In the case of "Saleem Basha V/s Mrs. Mumtaz Begam" [1998 Cri.L.J. 4782] S.M.Sidickk, J., speaking for the Madras High Court also took the same view as was taken by the Calcutta High Court in the case of Moti-ur-Rahaman (supra) after referring to the long list of enunciations, as referred to herein above. The husband had taken a plea that he was not liable to pay maintenance for the period subsequent to the divorce on 30th November, 1992 except for the Iddat period and the fact of divorce was communicated to the wife, Jamat and Mutawalli of the Mosque by registered post. The wife filed affidavit in the Court repudiating averments and she claimed that she was not informed of the divorce and the Talaq pronounced by him was a false allegation.

One of the issues framed by the learned Single Judge of the Madras High Court was whether the Talaq pronounced by the husband on 30th November, 1992 divorcing his wife was valid under law. It was brought to the notice of the Respondent wife about the pronouncement of Talaq by her husband when he filed the petition for cancellation of maintenance on 20th July, 1995 though she was not informed about the pronouncement of Talaq by registered post, which was returned. A presumption was, therefore, drawn that the pronouncement of Talaq was informed to the wife on 30th November, 1992 and on 20th July, 1995. The Talaqnama executed by the husband in the presence of the witnesses (Exhibit P5) was on record. The reasons stated in the Talaqnama for divorce were that the wife had filed a case for maintenance and she insulted the husband and her mother-in-law as well as there were differences of opinion, as a result of which they could not run the family. The Talaqnama did not indicate that any conciliation proceeding was initiated between them at any point of time by any mediator nor it was stated therein that the husband called upon his wife to reform herself and then to run the family amicably. In his oral depositions before the trial Court the husband had stated that he divorced his wife as per Mahomedan Law by pronouncing Talaq in the presence of two witnesses on 30th November, 1992 but he did not give any reason to give Talaq.
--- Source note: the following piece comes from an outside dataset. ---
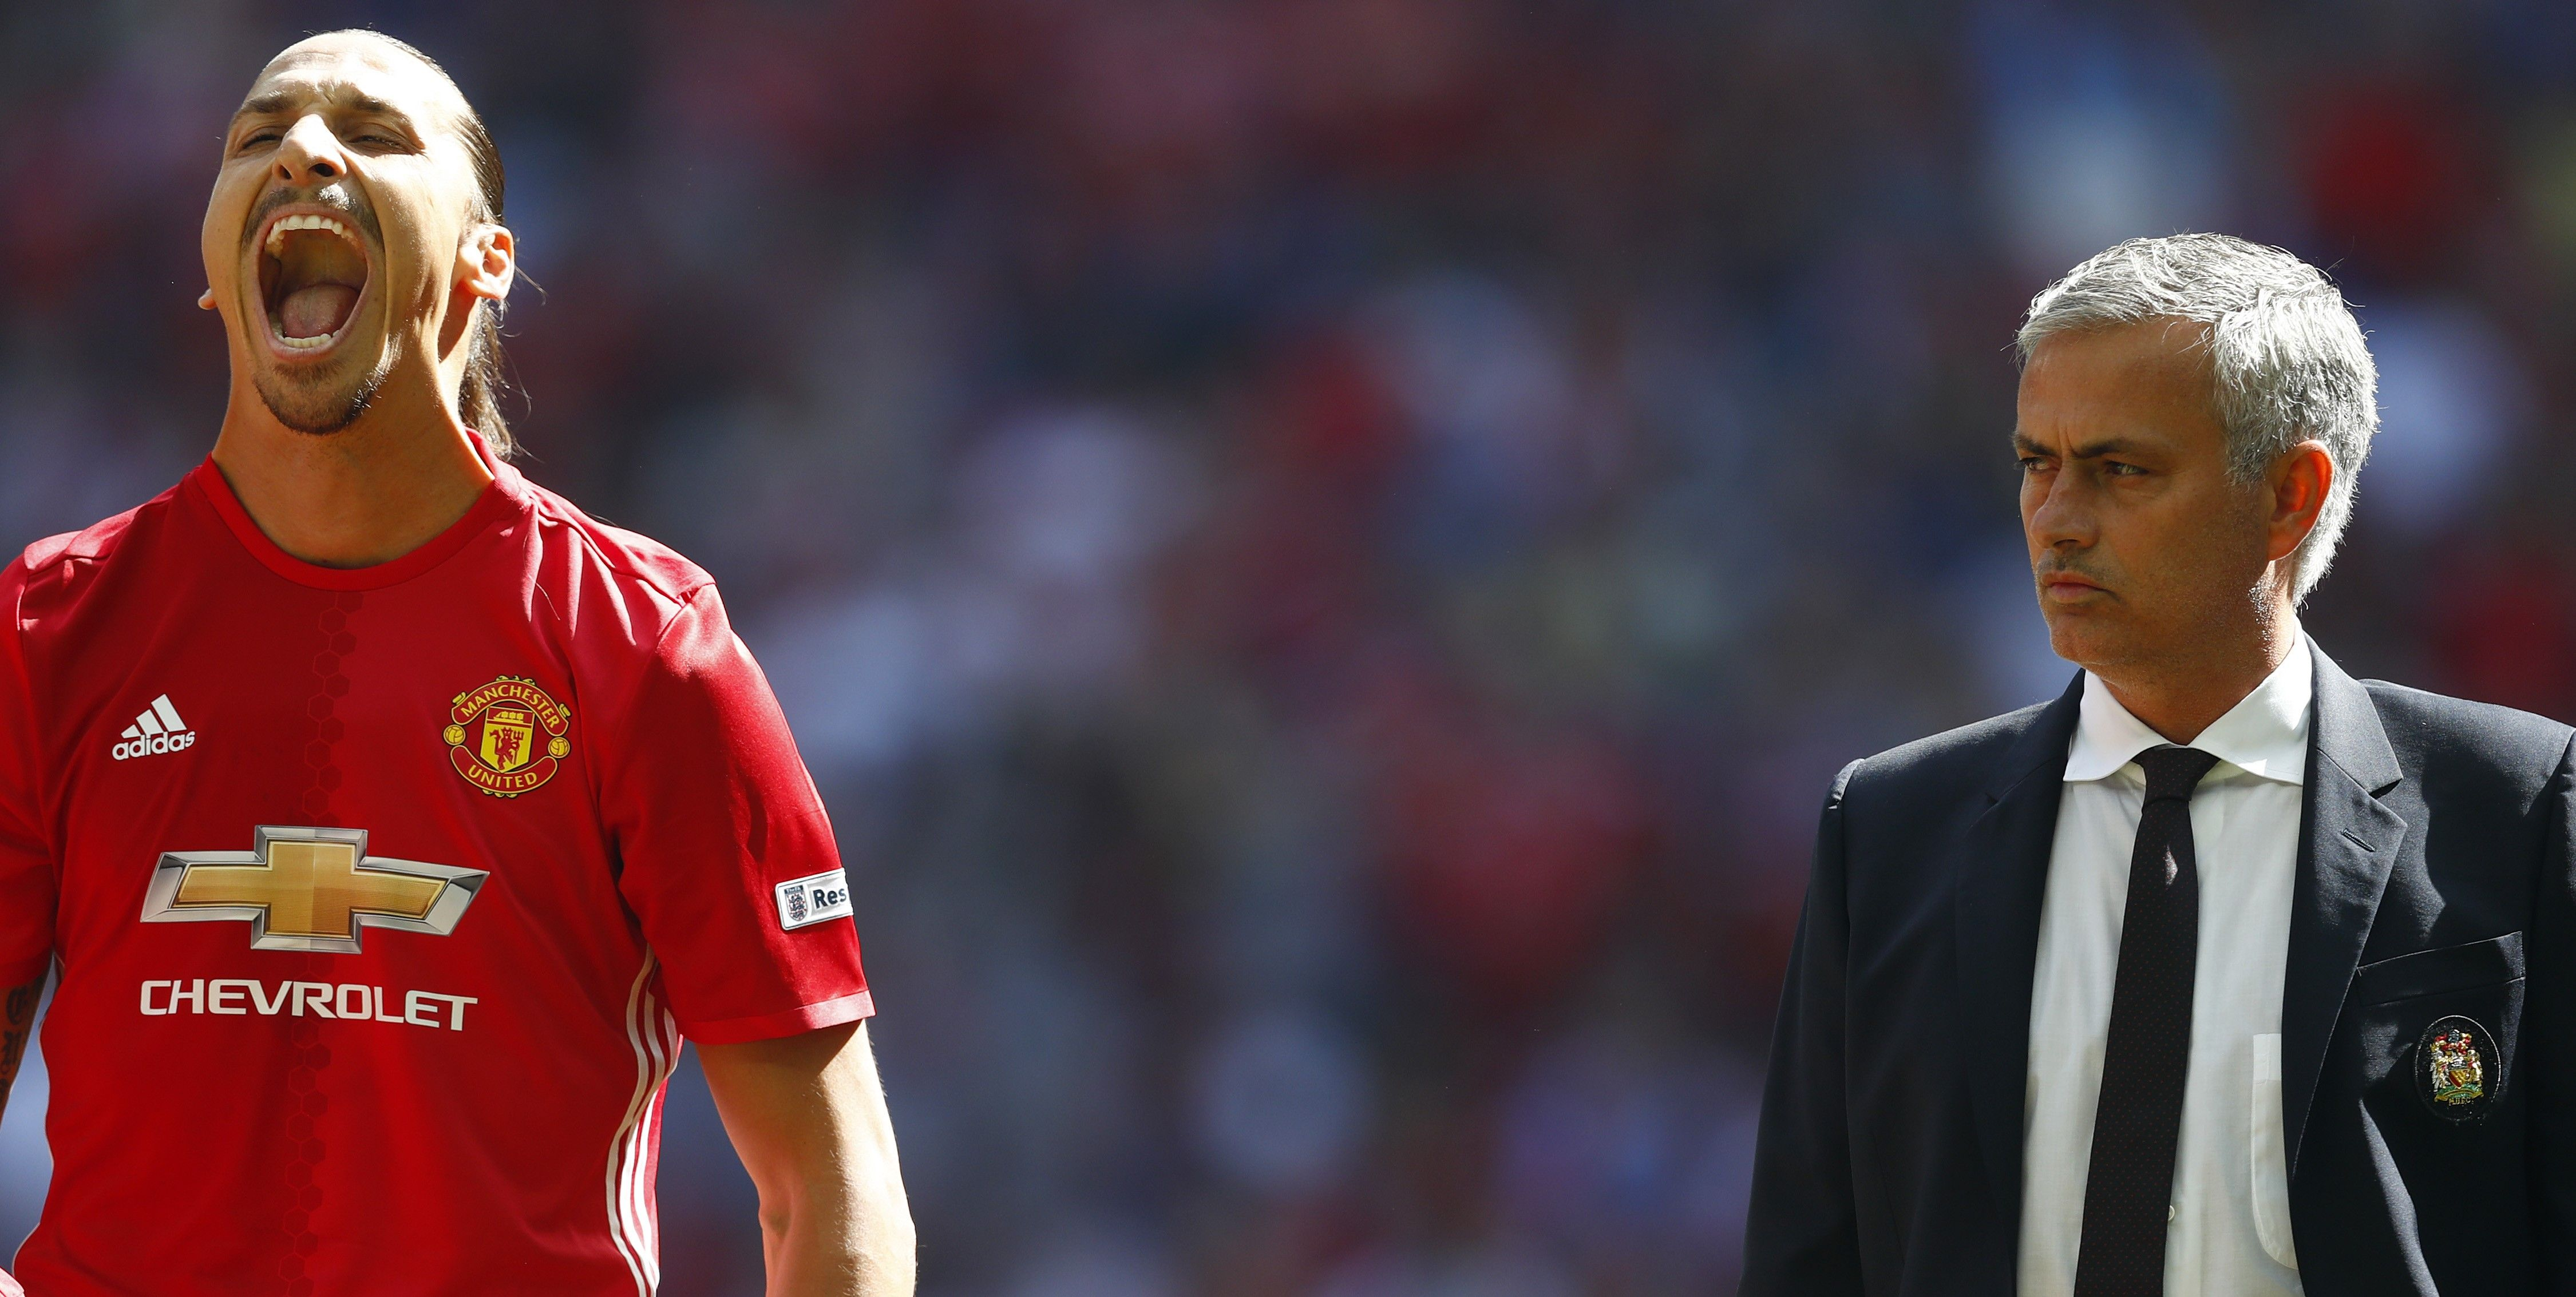 La palette de Charaf #3 : Manchester United 2/2

The learned Judge observed that the correct law of Talaq as ordained by the Holy Quran is that (a) Talaq must be for reasonable cause, (b) it must be preceded by an attempt at reconciliation (by nominees of both the spouses), and (c) Talaq may be effected if the said attempt failed. The learned Judge entirely agreed with the view taken by the Gauhati High Court in the case of Zeenath Fatima Rashid (supra) and by the Calcutta High Court in the case of Chandbi Ex W/o Bandesha Mujawar (supra) and he held that the Talaq pronounced by the husband on 30th November, 1992 divorcing his wife was not valid under the Mahomedan Law.